Quote these lines exactly: the one that holds "Round Goby by Meowthiroth on DeviantArt" and every line after it to the end of the material below. Skip pictures.

- [Collected data]:
*** Begin section ***
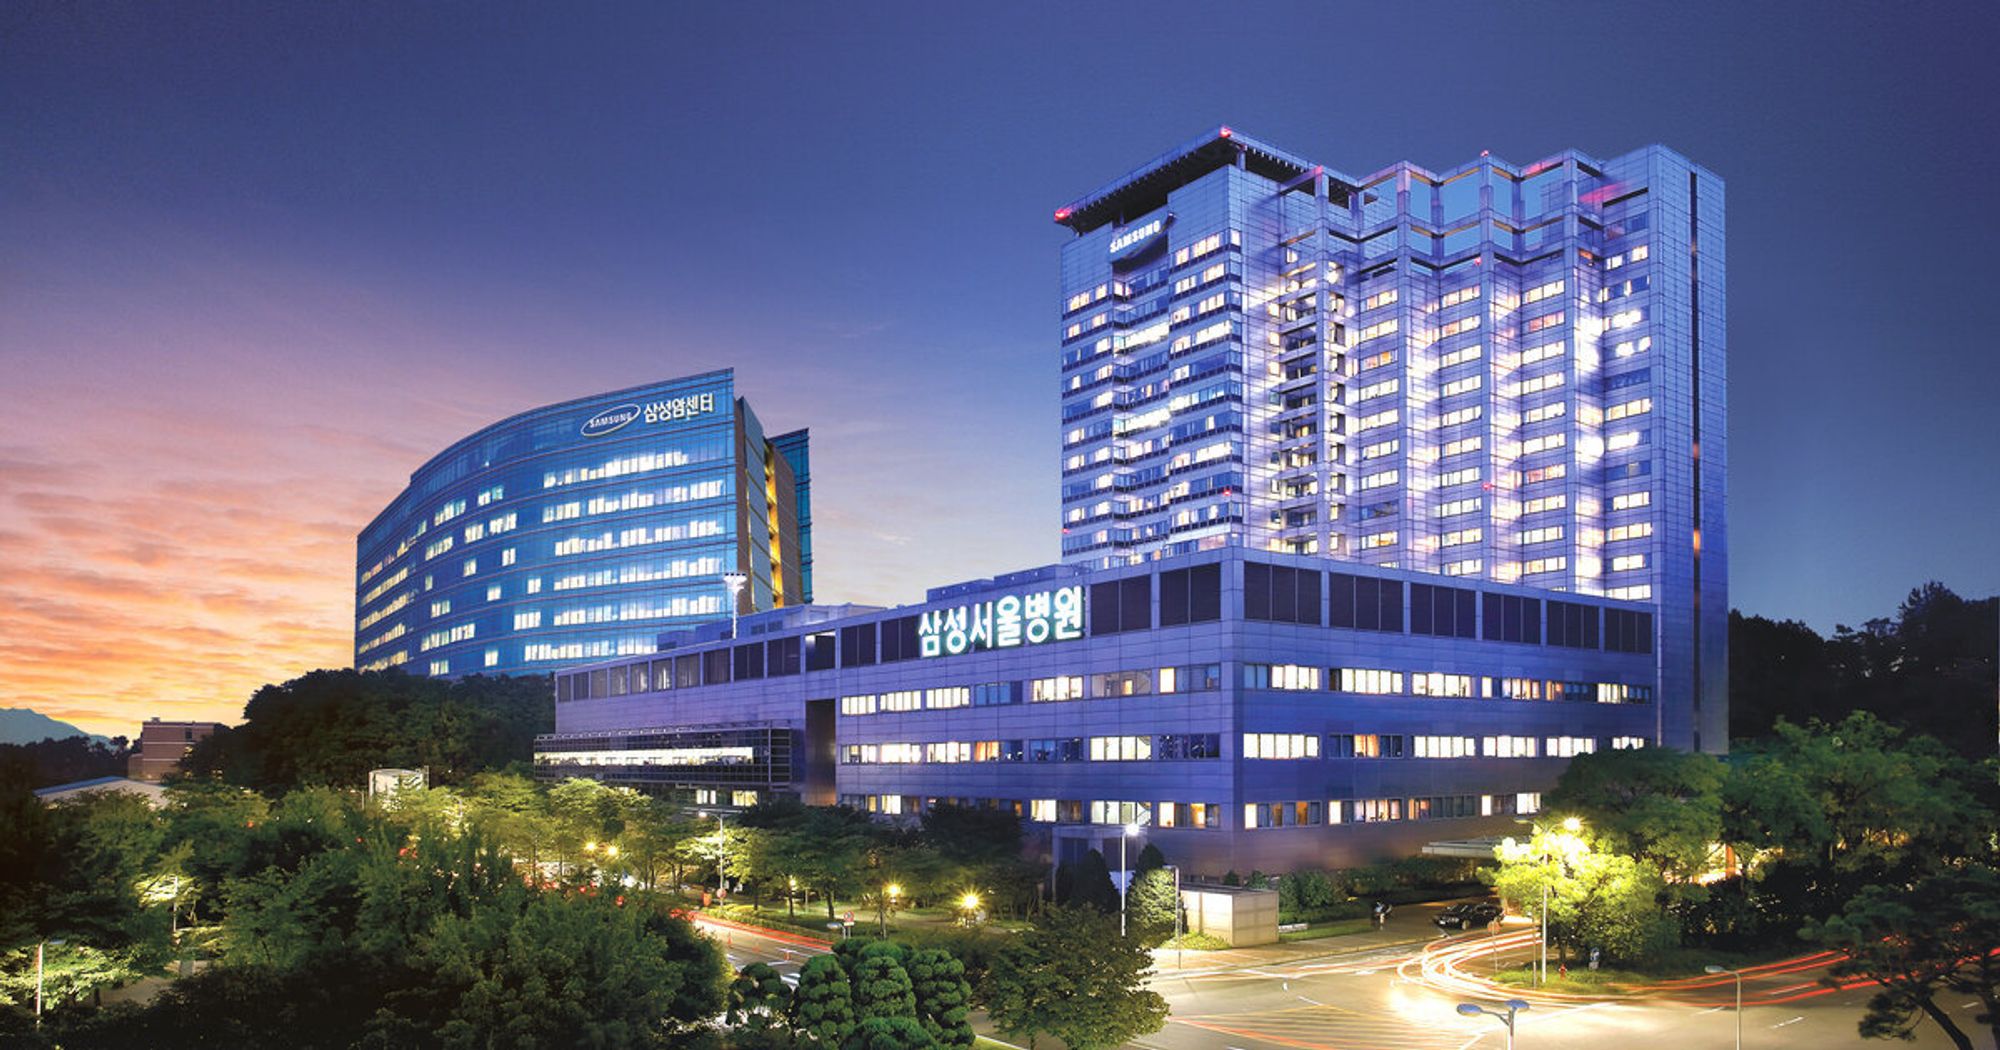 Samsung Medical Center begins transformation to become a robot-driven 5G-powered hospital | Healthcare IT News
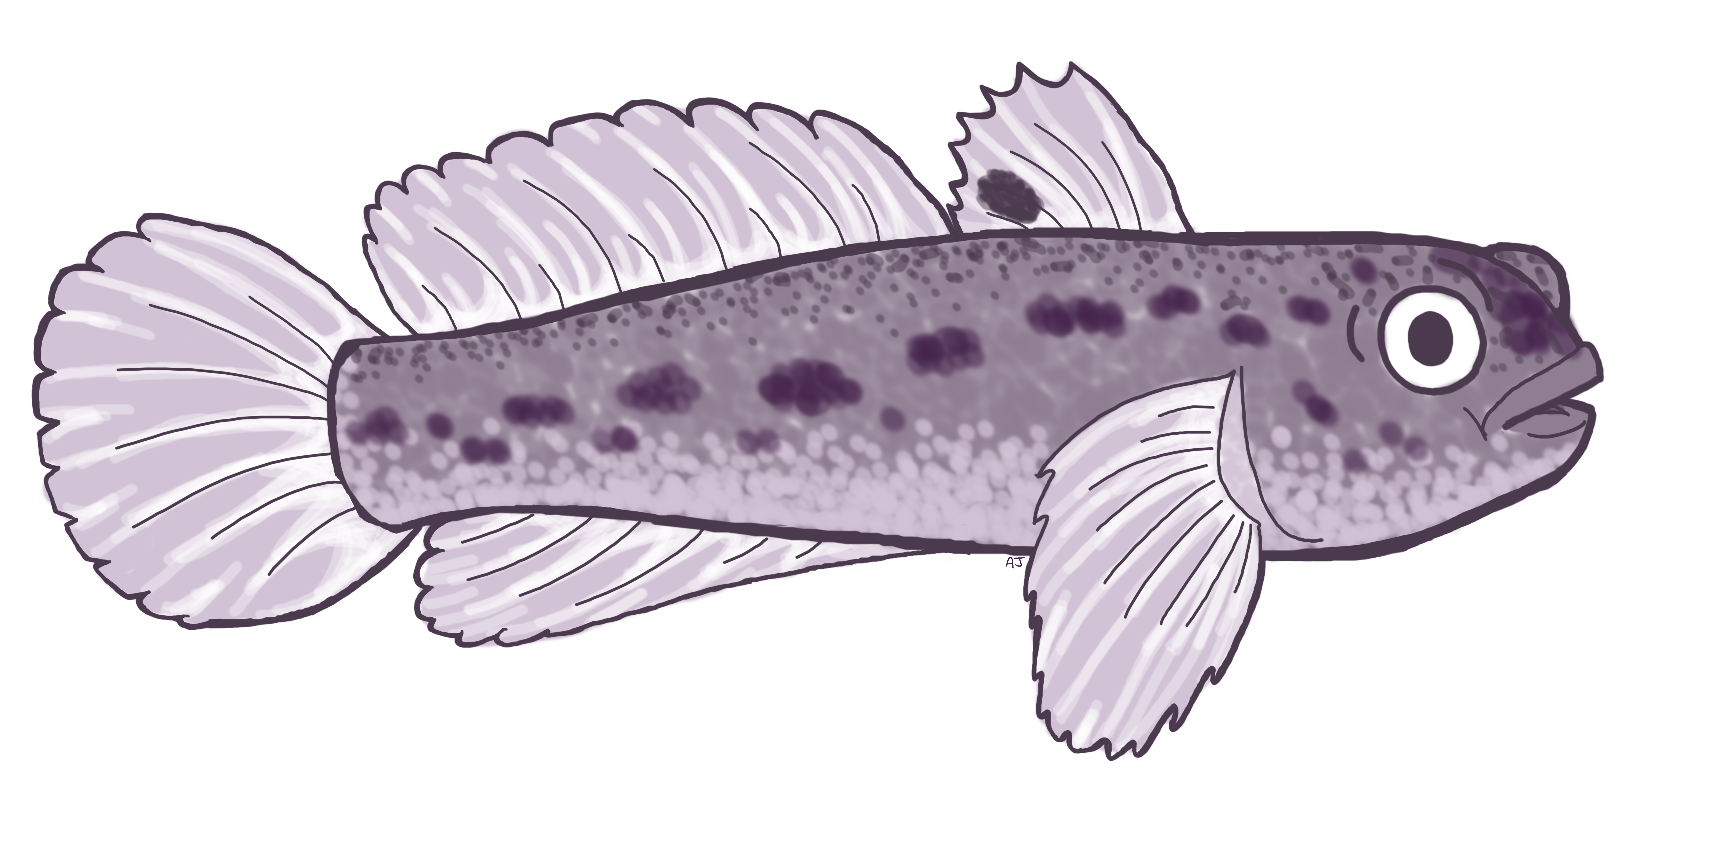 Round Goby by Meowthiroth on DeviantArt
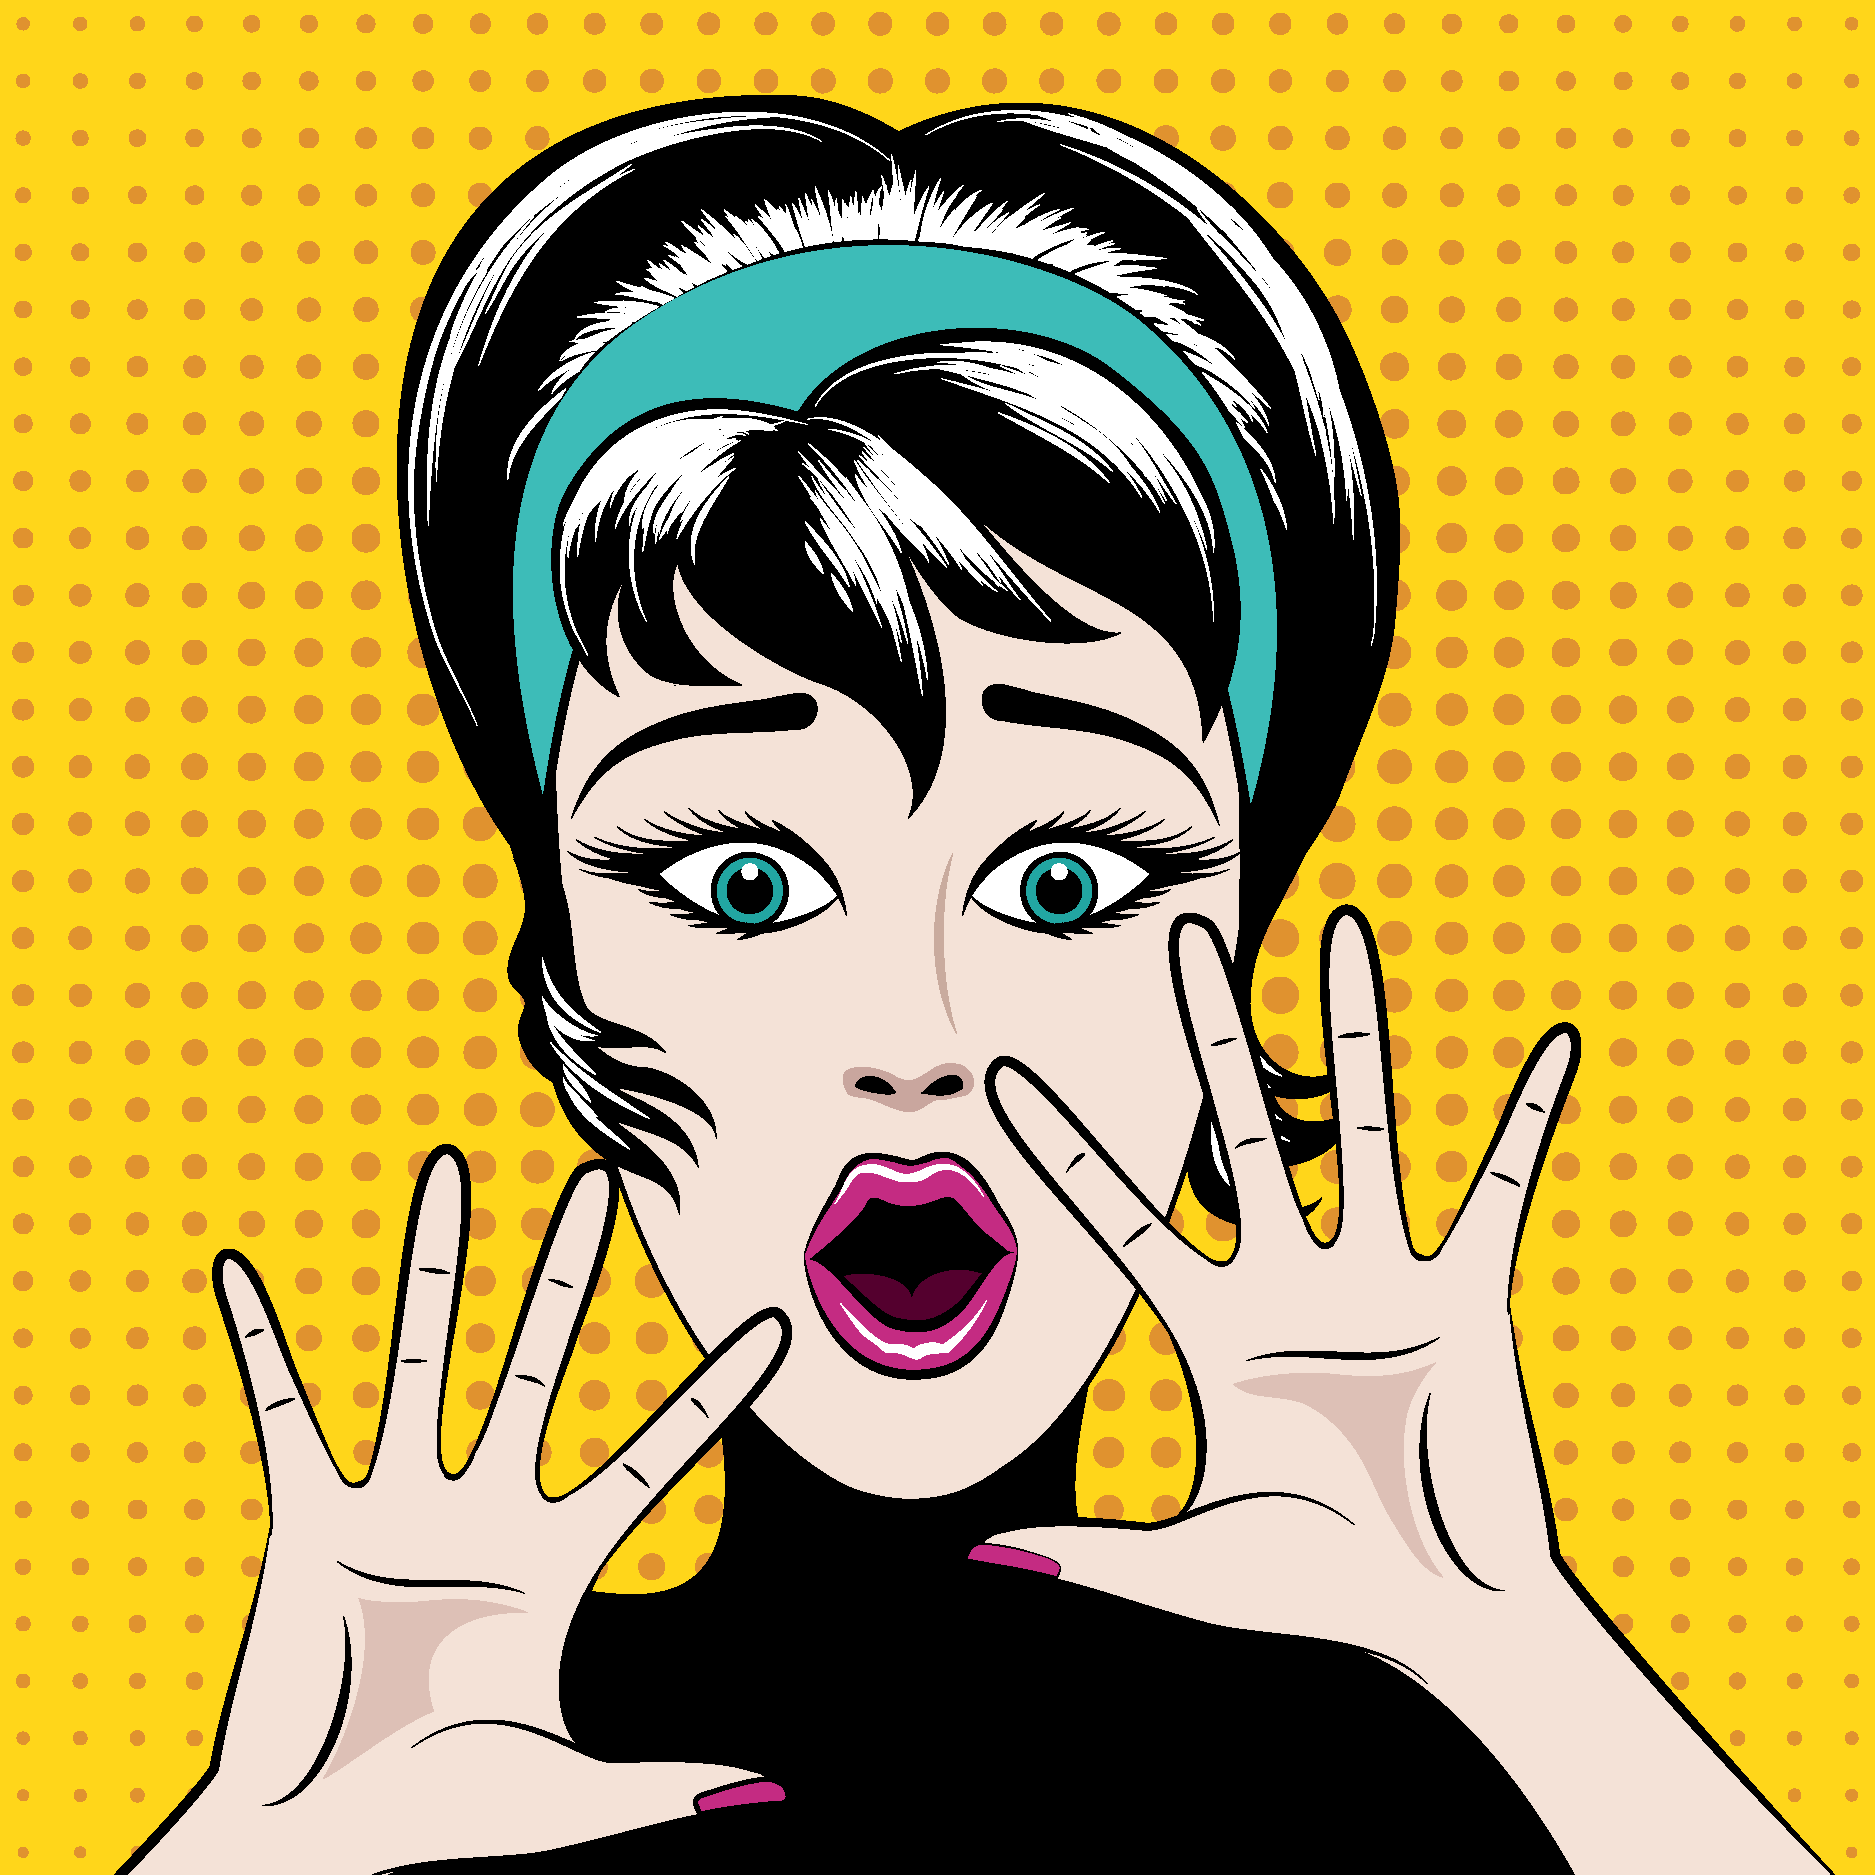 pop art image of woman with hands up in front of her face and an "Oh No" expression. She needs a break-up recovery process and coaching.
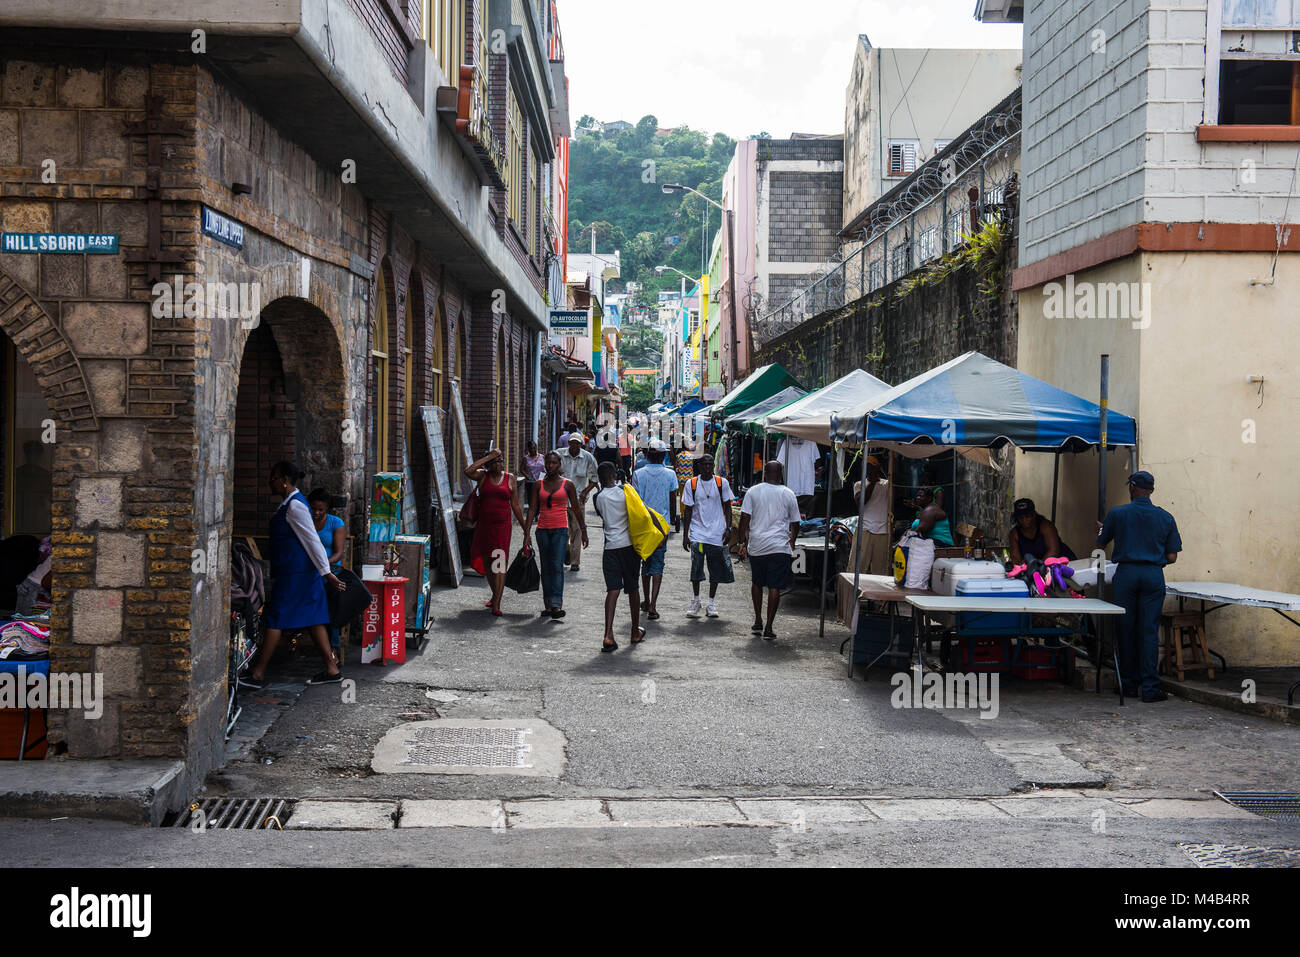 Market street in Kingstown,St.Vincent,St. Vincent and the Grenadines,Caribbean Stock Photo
*** End section ***
- [Solution to the exercise]:
 Round Goby by Meowthiroth on DeviantArt
 pop art image of woman with hands up in front of her face and an "Oh No" expression. She needs a break-up recovery process and coaching.
 Market street in Kingstown,St.Vincent,St. Vincent and the Grenadines,Caribbean Stock Photo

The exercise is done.